#### [DESCRIPTION OF THE TASK]
Leave the images aside and repeat the whole listing exactly.

#### [DATA EXCERPT]
--- --- ---

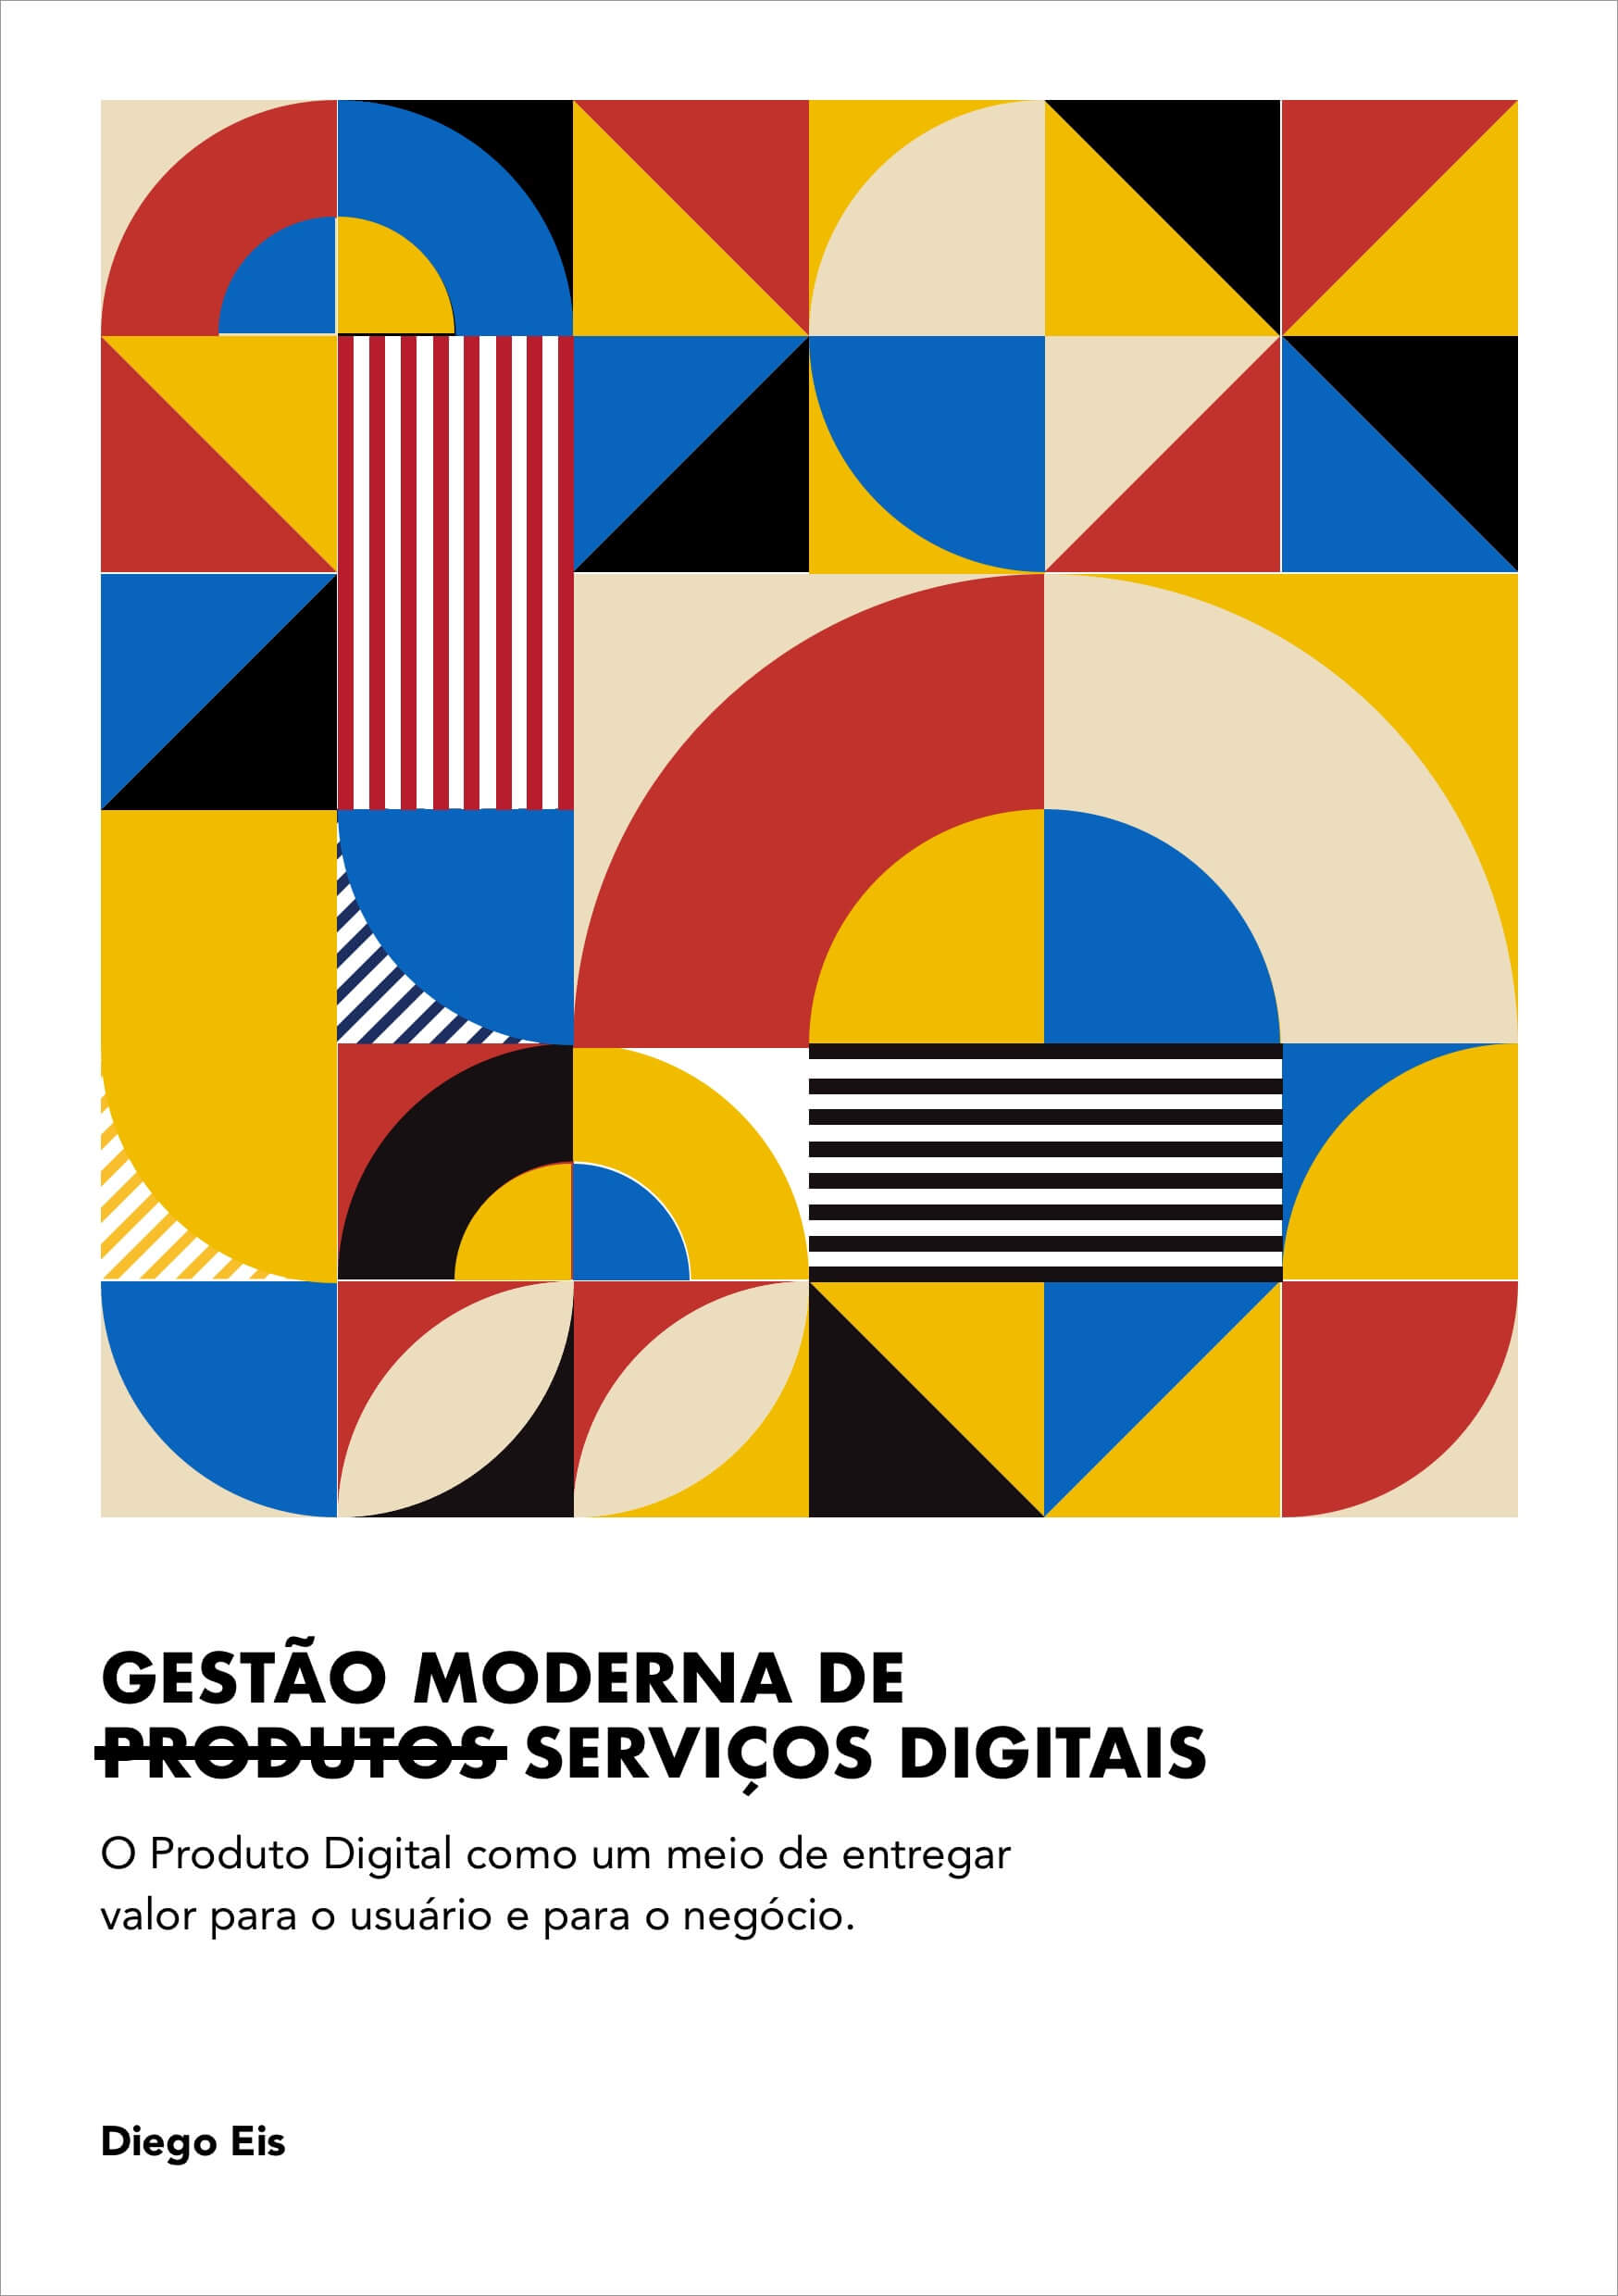 capa do livro Gestão Moderna de Produtos Digitais - imagem ilustrando a jornada de usuário
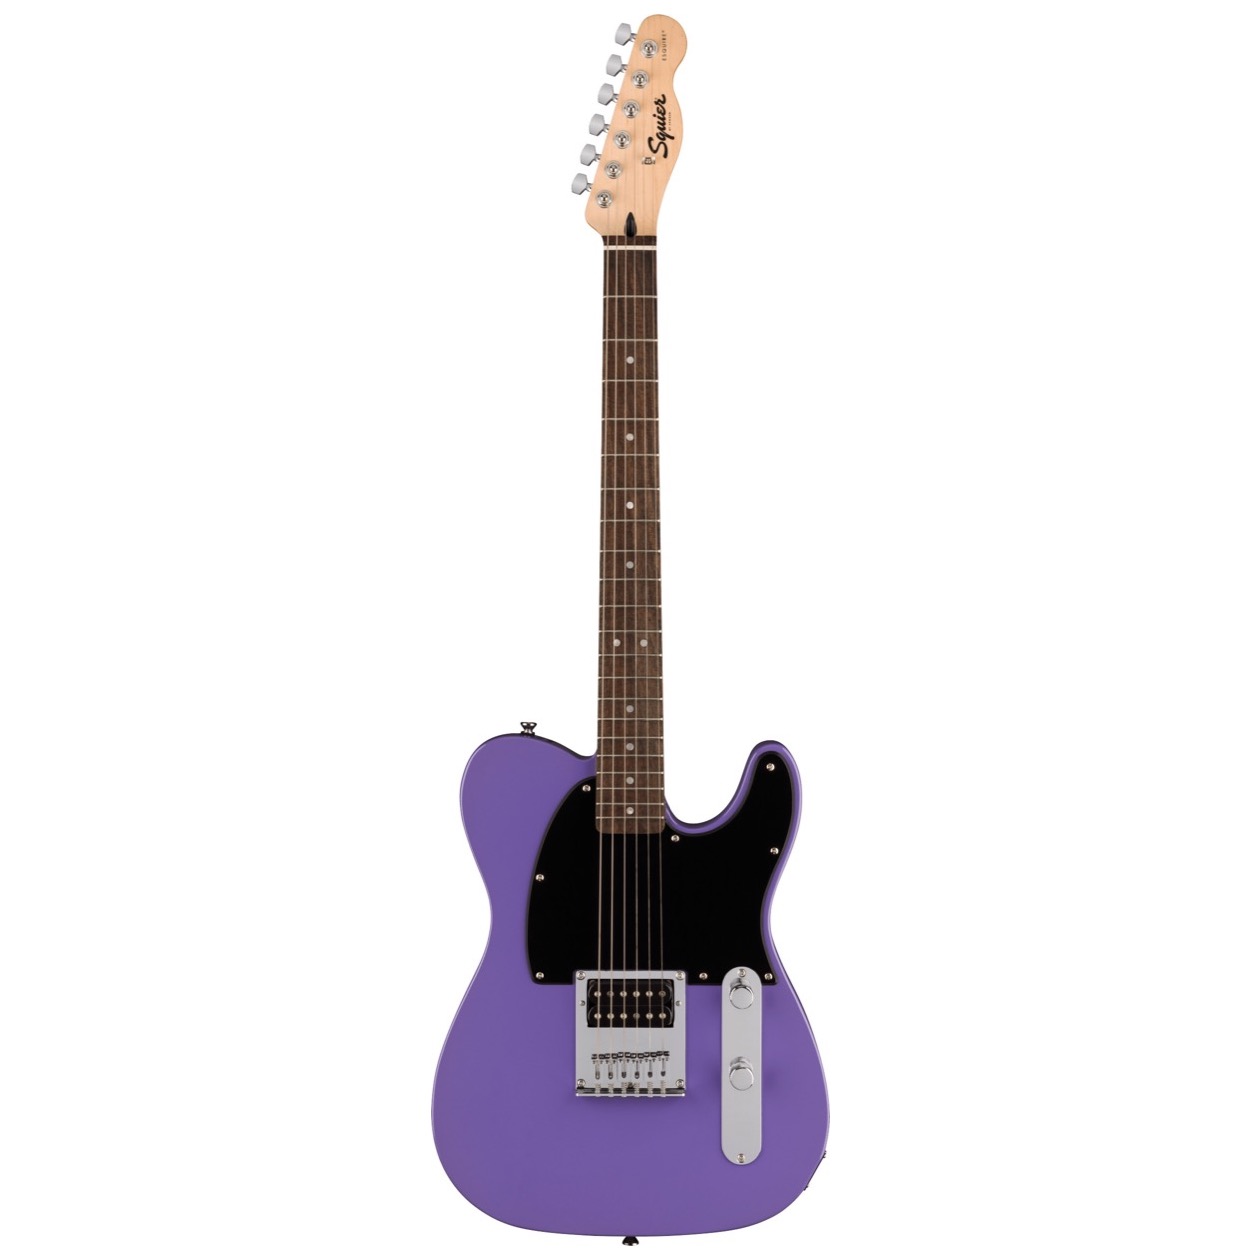 Fender Squier Sonic Esquire H, Laurel Fingerboard, Black Pickguard, Ultraviolet NIEUW VOOR 2023
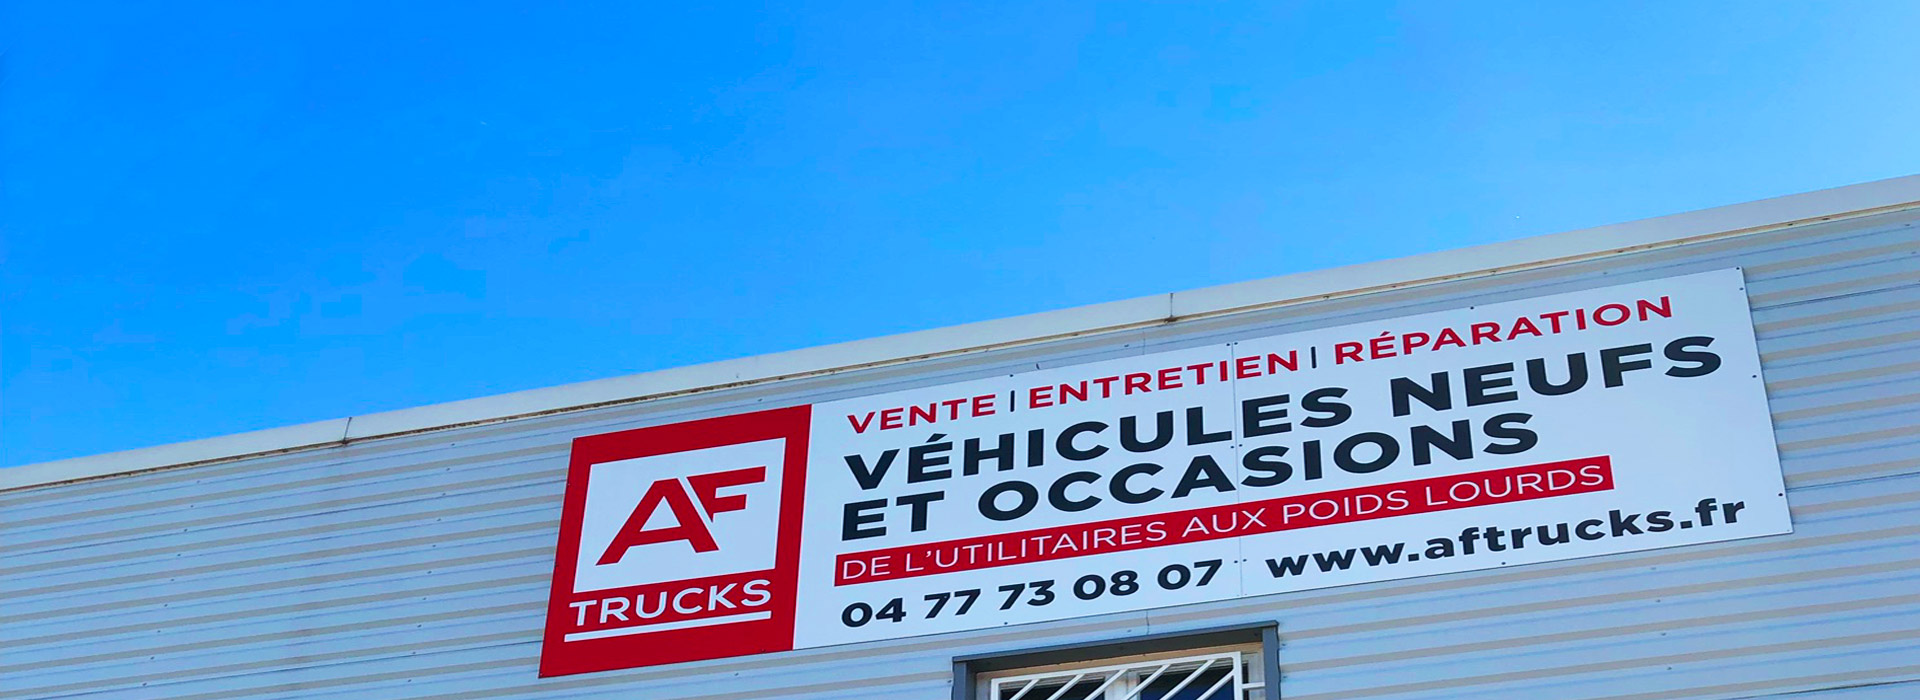 AF TRUCKS vehicule utitaire poids lourd neuf occasion vente entretien location financement ISUZU PIAGGIO SNORKEL
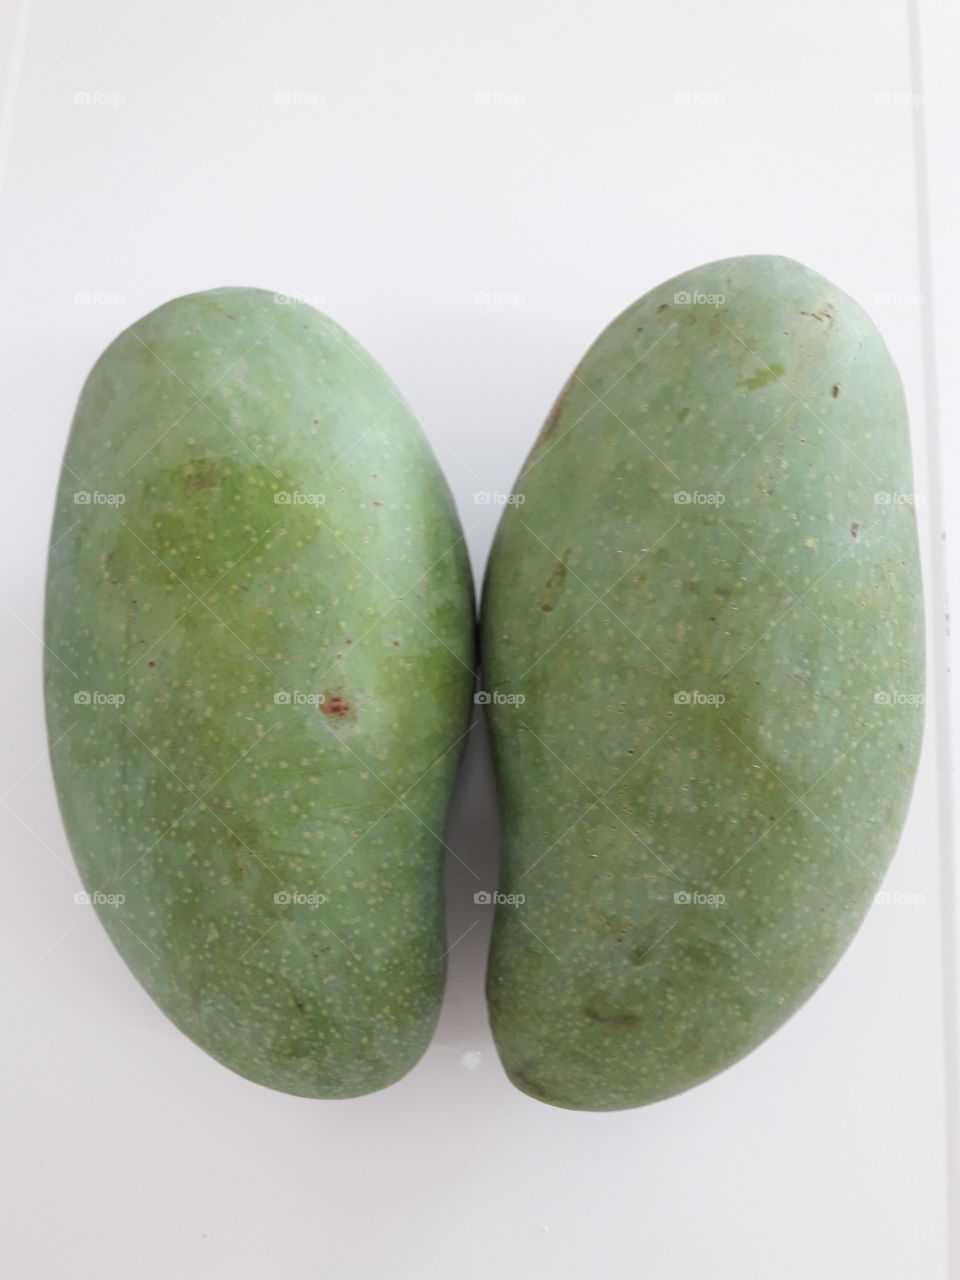 a pair of thai green mangoes "kiew sa wei"

--- --- ---

#### [OUTPUT OF THE TASK]
 capa do livro Gestão Moderna de Produtos Digitais - imagem ilustrando a jornada de usuário
 Fender Squier Sonic Esquire H, Laurel Fingerboard, Black Pickguard, Ultraviolet NIEUW VOOR 2023
 AF TRUCKS vehicule utitaire poids lourd neuf occasion vente entretien location financement ISUZU PIAGGIO SNORKEL
 a pair of thai green mangoes "kiew sa wei"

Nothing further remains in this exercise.